I am going on almost a week of no BSOD since rolling back to PSP 7.7A. I still have the NIC's teamed (NFT) w/ TOE enabled. Smart Array P400.

- DL360 G5 - W2K3 SE w/ SP2
GSD_2
Occasional Advisor

Re: STOP error after PSP 7.8

Joshua
I work for a reseller and so I'll ask our HP account manager and see if he can do something here.
Jonathan Rees
Occasional Advisor

Re: STOP error after PSP 7.8

My testing indicates there are 2 seperate faults. TOE is randomly enabled on servers, this results in a server "freeze" which can only be cleared by a reset or power down. This fault applies to both PSP 7.7 and 7.8. The random BSOD fault applies to PSP 7.8 only, and is effected in some way by load. Backing up more than 200 GByte (using DataProtector 5.5) of data will result in garanteed BSOD. Interestingly restoring data does not have the same effect. Normal production use will also result in the random BSODs.
Morten Dalgaard
Occasional Advisor

Re: STOP error after PSP 7.8

The BSOD issue is most definitely related to the HP NC-Series Multifunction Driver (Broadcom driver) version 3.0.7.0, which is also included on PSP 7.80.
This is effectively the driver all DL380 G5 machines use for their on board NICs. Running with PSP 7.80, but rolling the NIC driver back to 2.8.22.0 fixed the BSOD issue for me.

Interestingly enough, in my attempt to locate the problem, i installed Win2k3 std R2 x86 + service pack 2 on the server at some point, and that stopped the BSODs. Same install, just x64 instead started the BSODs again.

About the TOE issue, i do not get lockups from having TOE enabled, but i do notice network traffic "stalls" when having it enabled. The machine simply stops transmitting, and recieving any data for a couple of seconds, where after resuming.
Disabling TOE fixed that, rolling the driver back didn't though, so i guess i will be running without it enabled.

I'm appalled by HP releasing a defunct driver, and the ongoing issues that TOE gives. Why can't they use some proper NICs/drivers, or at least admit the issue, and release a fix/workaround for them.
PZel
Trusted Contributor

Re: STOP error after PSP 7.8

Has it something to do with the firmware
for Broadcom as represented on the firmware CD 7.8 ???
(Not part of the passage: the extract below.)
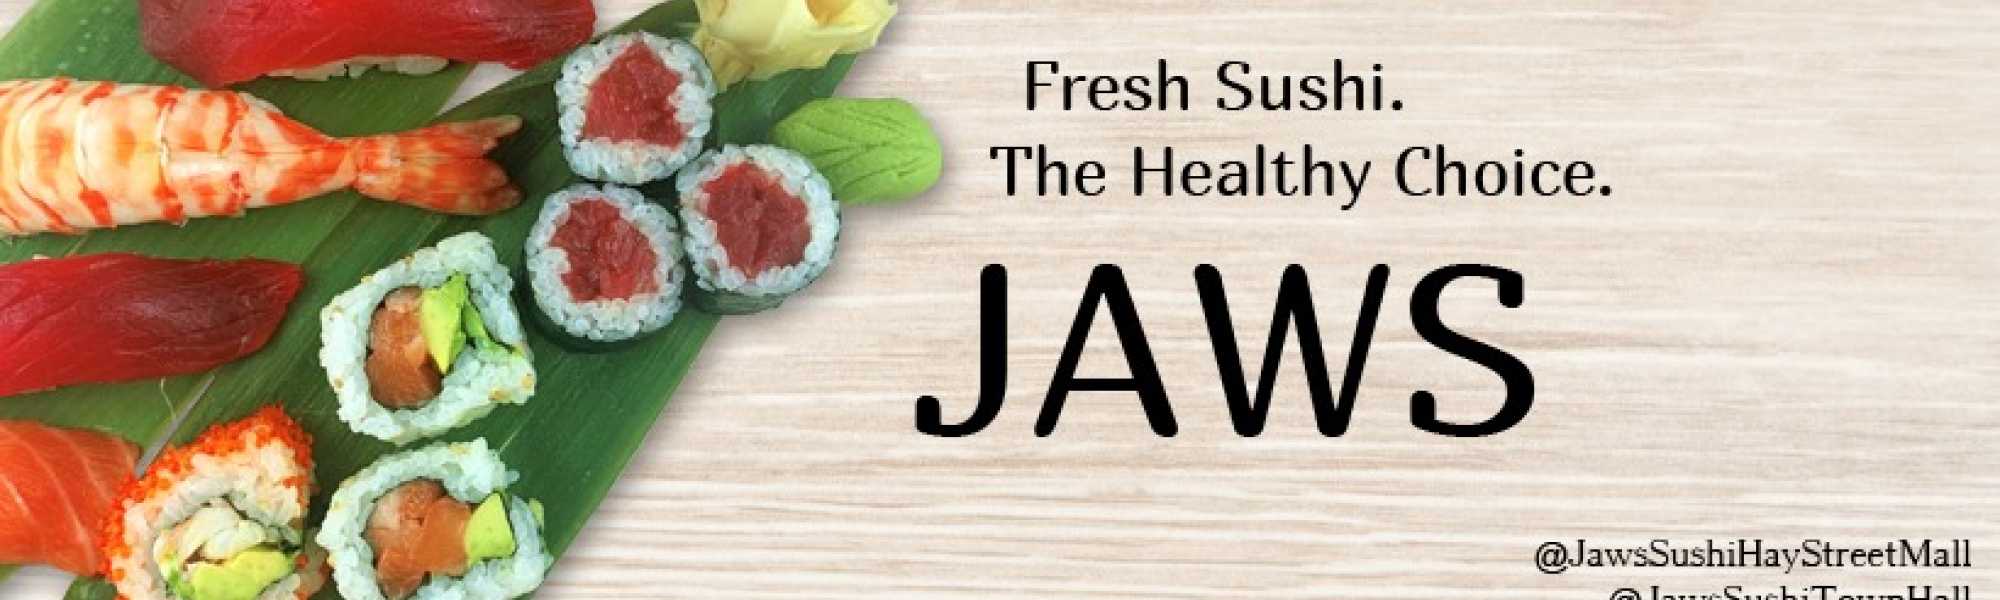 Jaws Sushi Hay St Mall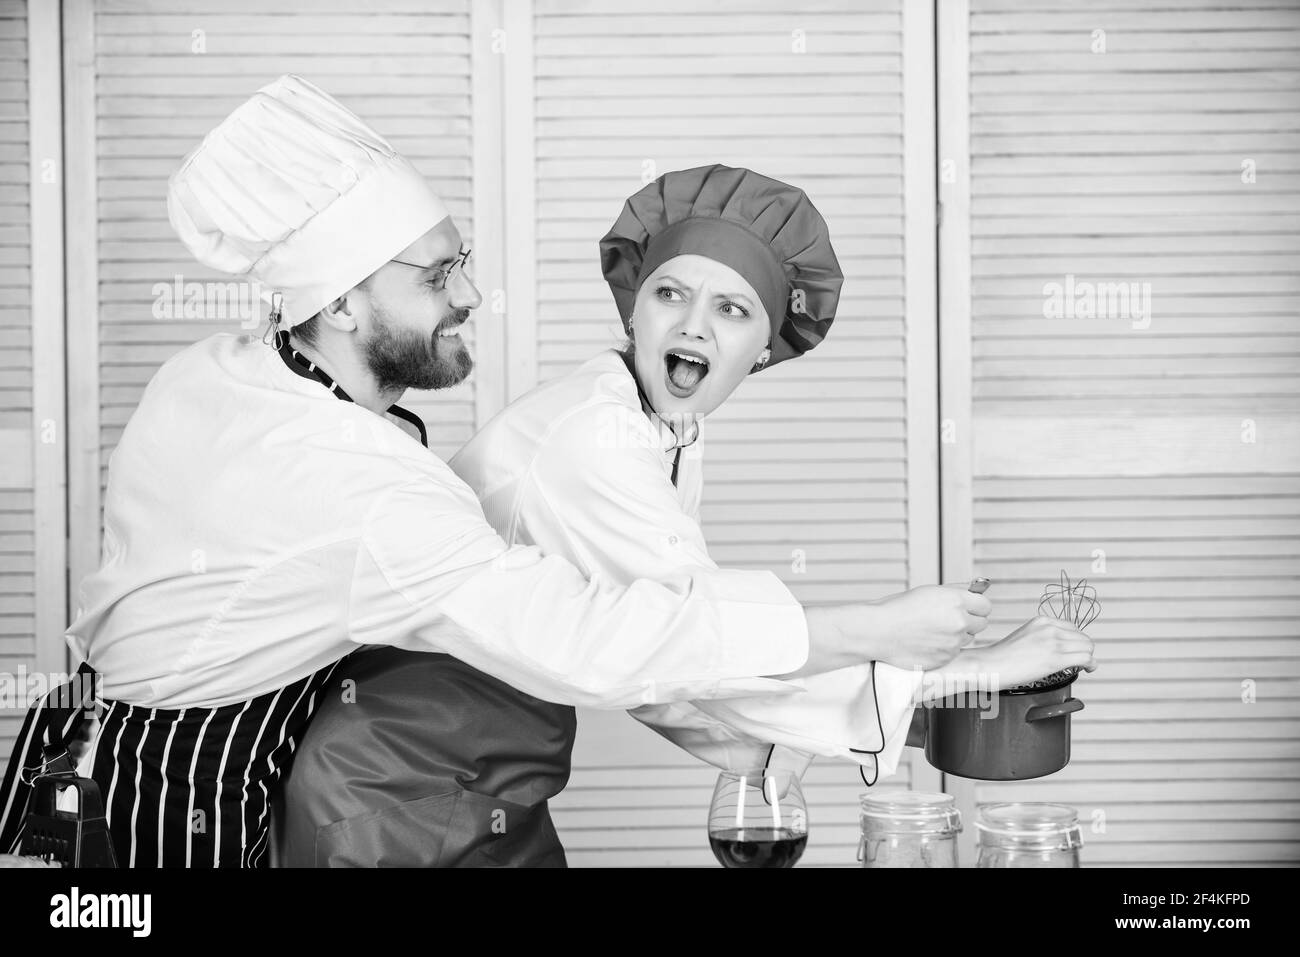 Woman and bearded man chef cooking together. Delicious meal. Baking pie together. Cooking together is more fun. Let my try taste. Couple having fun Stock Photo

When booting the firmware CD you can choose
default to upgrade firmware for Broadcom for
Linux (CPxxxx.scexe). For W2K3 systems not
recommended (but harmless ??).You deselect it by clicking Left (de-select). Afterwards,
when booting the O/S you can insert the firmware CD again, and then select Firmware
for Broadcom for Windows (cp007672.exe)
PZ

Re: STOP error after PSP 7.8

Well, I have a completely stable system currently, and here's how I did it.

Uninstalled everything that says "HP" in add remove programs.

This leaves drivers installed for required components, but removes management software, and has resulted in a rock stable system so far.

Previously, the easiest way I got these machines to blue screen was to turn on driver verifier with all options, it would blue screen in under an hour with this setting. After removing all the management software, this system has been running driver verifier non-stop and stable.

Which leads me to believe it's a management driver issue, or some interaction between the management software and installed driver or firmware on a component. Which one that is, is unclear currently, but I will run them like this until HP can isolate the issue.